Silencer® Select Validated siRNA (small interfering RNA) against Chk1 and Silencer® Select Negative Control siRNA were purchased from Thermo Fisher Scientific, Inc. The day before siRNA transfection, the cells (1×105) were seeded into 6-well plates and incubated overnight at 37°C without antibiotics. Cells were then treated with siRNA (final concentration of 25 nM) in RPMI-1640 medium in the presence of the DharmaFECT transfection reagent according to the manufacturer's instructions (GE Healthcare Japan, Tokyo, Japan). After incubation for 24 h at 37°C, the medium containing the mixture of DharmaFECT and siRNA was replaced by RPMI-1640 medium containing 10% FBS and cells were incubated for a further 24 h with or without the drugs (GEM 0.8 ng/ml, S-1 0.5 µg/ml).

Statistical analysis

Data from the MTT assays, ELISA and western blot analyses are expressed as the mean ± standard deviation. Differences between the groups were examined for statistical significance using analysis of variance (ANOVA) followed by Fisher's protected least significant difference analysis. A P-value of <0.05 was considered statistically significant. Statistical analysis was performed using a BellCurve created in Excel for Windows (Social Survey Research Information Co., Ltd., Tokyo, Japan).

Results

Combinations of prexasertib and antitumor drugs (GEM or S-1) exhibit a synergistic antiproliferative effect on SUIT-2 cells

An MTT assay was used to investigate whether prexasertib and an antitumor drug (GEM or S-1) exhibit synergistic effects on the inhibition of cell growth in SUIT-2 cells. S-1 is a combination drug comprising three compounds, but in our study, we omitted the Oxo component (Oxo is used to reduce the incidence of gastrointestinal side effects) and instead used a combination of 5-FU and CDHP at a ratio of 1:2 based on the blood concentration ratio of the combination in humans (25).
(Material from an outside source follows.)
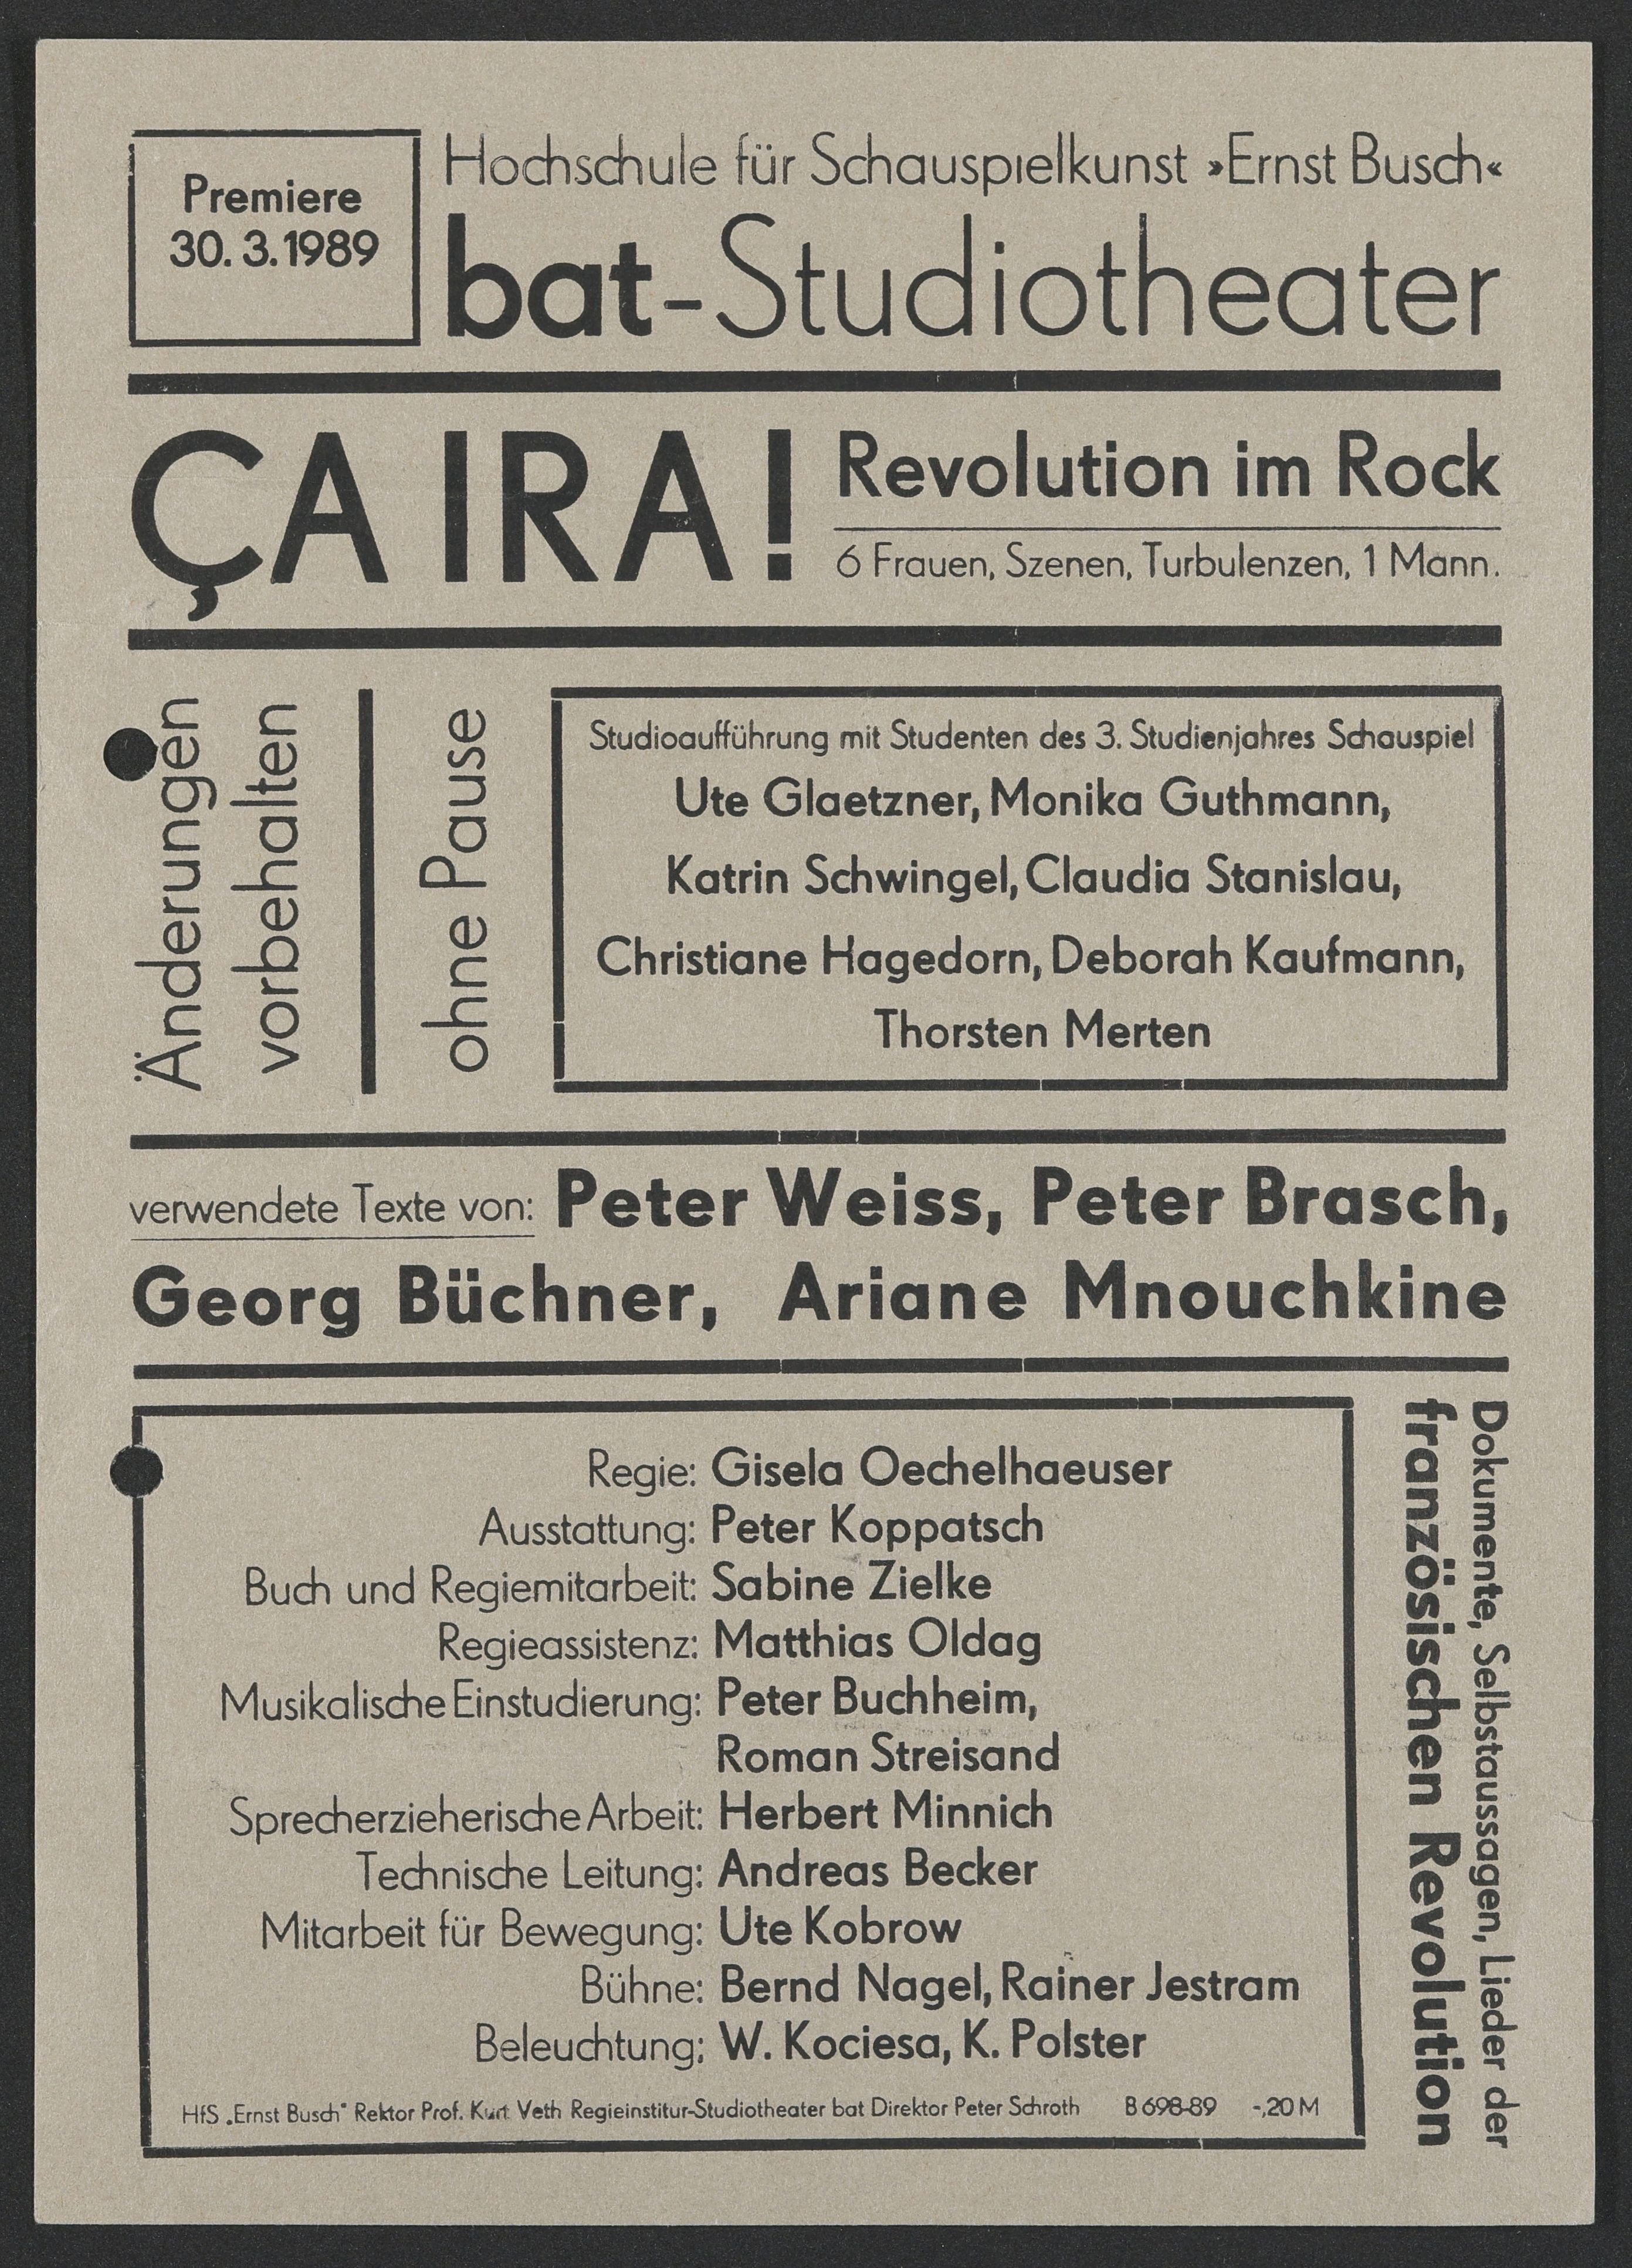 Programmzettel zu "Ça Ira! – Revolution im Rock" am bat-Studiotheater 1989 (Hochschule für Schauspielkunst Ernst Busch Berlin RR-F)

First, we calculated the IC50 values for each drug. The IC50 values for prexasertib, GEM, and S-1 were 30.8±6.04 nM, 0.642±0.048 ng/ml and 0.506±0.219 µg/ml, respectively. Simultaneous administration of various concentrations of prexasertib and an antitumor drug (GEM or S-1) resulted in greater inhibition of SUIT-2 cell growth (Fig. 1A and B). The IC50 values of prexasertib + GEM and prexasertib + S-1 were connected using a dotted line in a classical isobologram to evaluate any possible synergistic effects (Fig. 1C and D). The data revealed that each of these drugs had a synergistic effect, and a combination of prexasertib and GEM had a stronger synergistic effect than prexasertib and S-1 in the SUIT-2 cells. The combination index also demonstrated that the combined effect of prexasertib + GEM and prexasertib + S-1 on cell viability was synergistic (CI <1) for many concentration combinations (Table I). We further investigated the effect of the combination of all three drugs [prexasertib + GEM + S-1 (GS)]. Prexasertib + GS showed significantly greater inhibition of cell proliferation than prexasertib + GEM or prexasertib + S-1 (P<0.05) (Fig. 2A and B).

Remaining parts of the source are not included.